Do look over the list of interview questions and make them into a mental exercise. Picture yourself in the interviewer’s office. Come up with your own answers and connect them to a work experience you’ve had in the past. Offer real-life examples to show you have hands-on experience with what they’re looking for.

Don’t stop at the end of the list. Here we’re providing common interview questions for the general portion of your interview. It’s always better to over-prepare than to under-prepare.

Do research the company and position requirements. Every profession has skill and job-related questions specific to their industry. If you’re searching online, be specific. For example, you might search for “Interview questions for accounting job” or whatever title is appropriate for your interview.

Frequently Asked Interview Questions

Tell me about yourself. Succinctly outline your most recent role. Highlight past accomplishments or contributions.

Why do you want to work here? Your interviewer wants to know whether or not you did your homework. Prepare an answer that relates to company values or how your skills pair well with their specific products or services.

Why are you leaving (did you leave) your current (or previous) job? Don’t trash your old boss or complain about your previous employer. Prepare a response that mentions how you learned new skills there and are looking forward to contributing in your next position.

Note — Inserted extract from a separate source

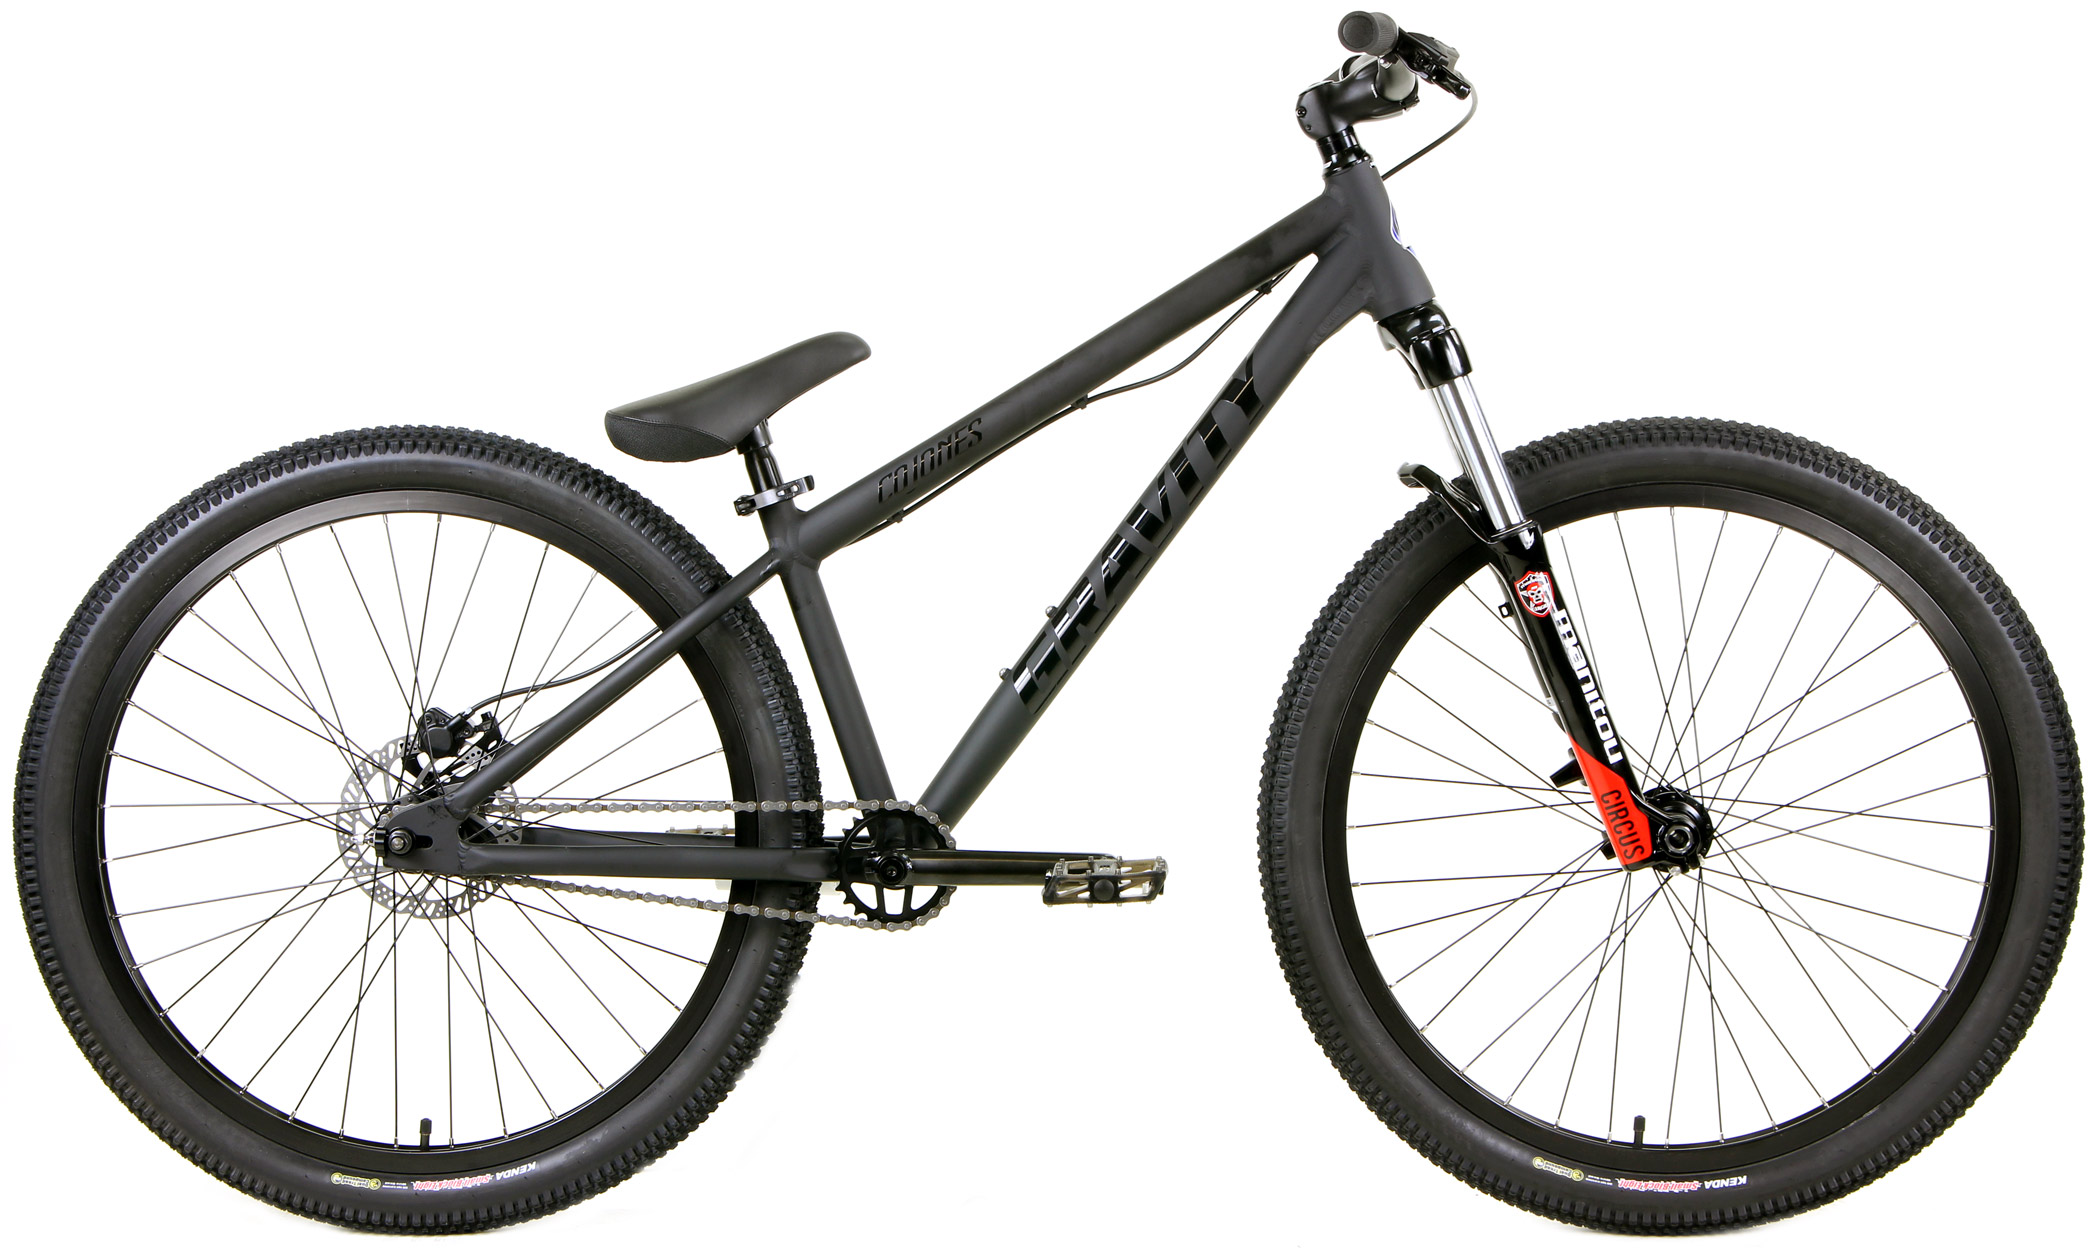 ten tweede Koe Omgeving Save up to 60% off new Adult BMX ALL BIKES FREE SHIP 48 Save Up to 60% Off  Gravity CoJones FLY Bicycles Dirt Jump Dirt Jump Bikes, BMX Cruiser Bikes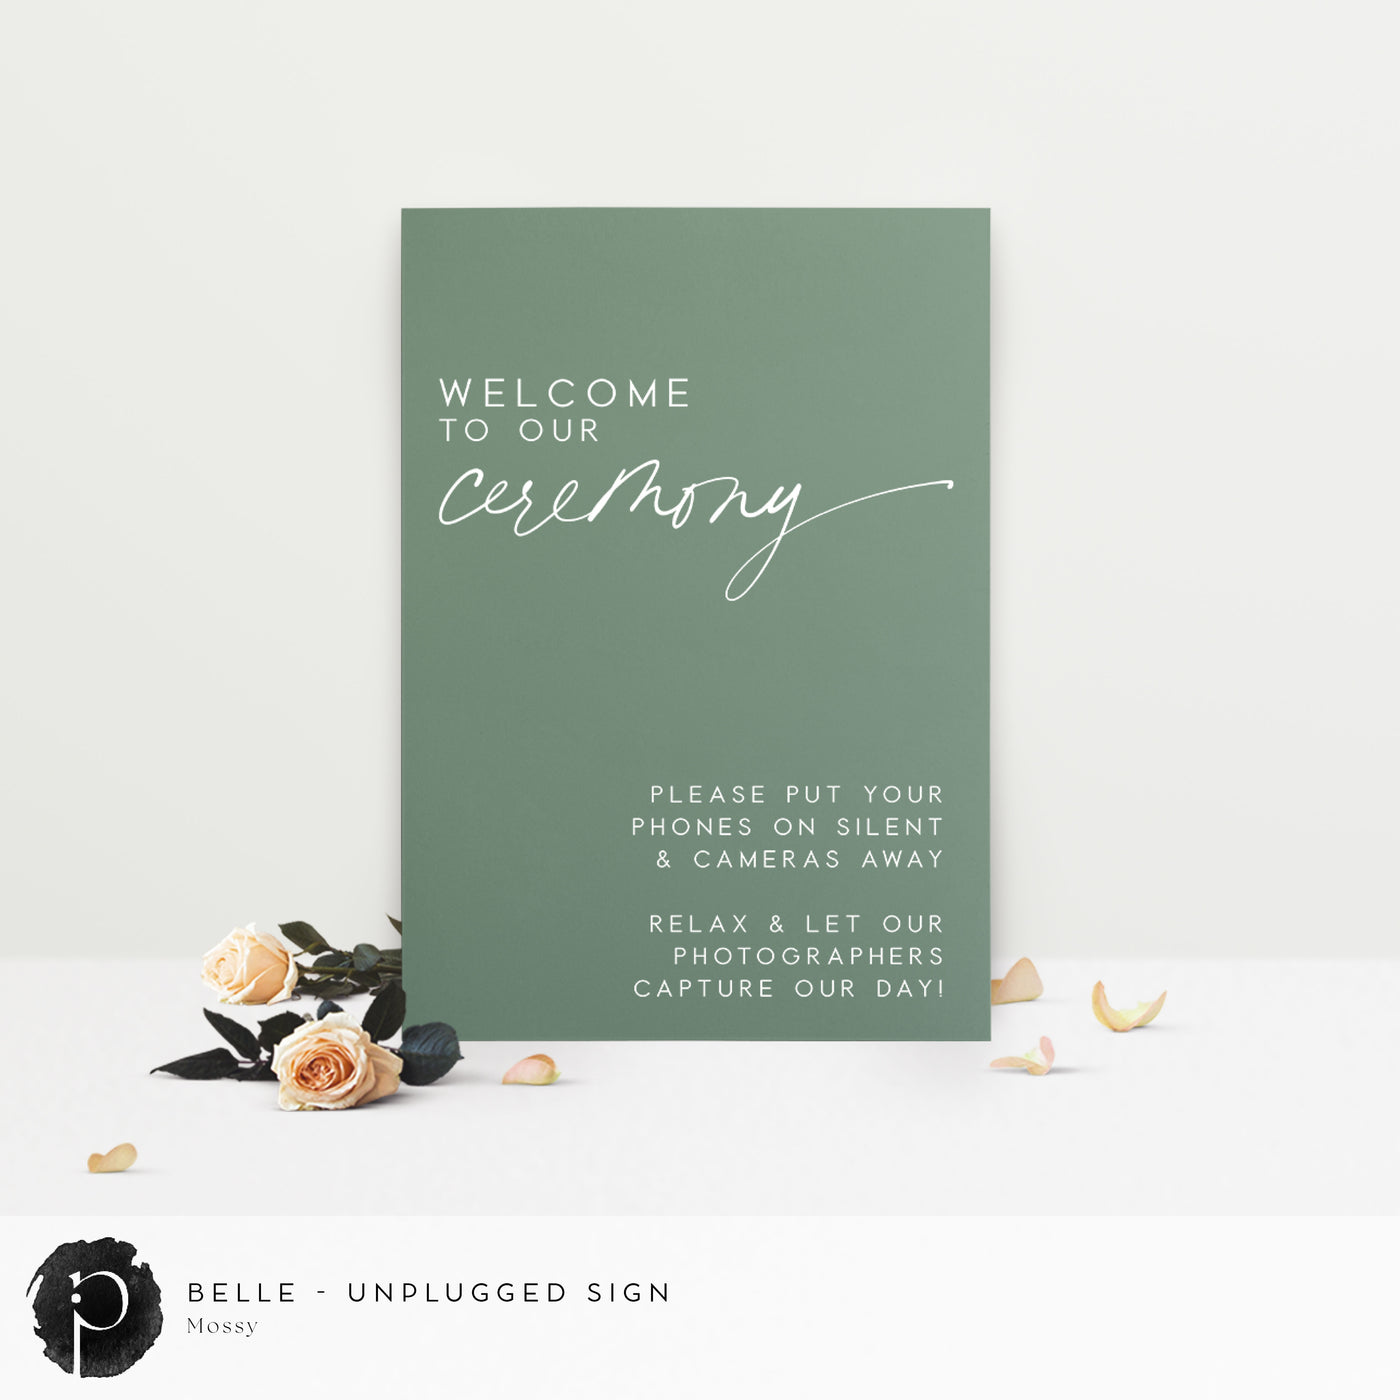 Belle - Unplugged Ceremony Sign

What are your biggest strengths? Look at the list of job requirements. Offer examples of skills and character traits that make you a good fit.

What are your greatest weaknesses? Your interviewer isn’t looking for huge personal failings. Think where you would like to improve professionally and answer candidly. For example, a teacher might say, “I plan to work on giving students more detailed feedback this year” or an office assistant might say, “I’ve realized I’m better at number crunching and data collecting than I am at writing. So I’ve started using grammar apps to make sure I don’t miss little mistakes in email and office documents.”

Tell me about a difficult work situation and how you overcame it? Your interviewer wants to know how you solve problems and deal with personal conflict. Think back through your employment history and share an example that shows your human side.

What are your salary expectations? Have an idea what’s normal for your profession and experience, then just answer frankly. Try not to overshoot or undershoot on desired salary.

Why should we hire you? Again, look over the job requirements and prepare a related answer.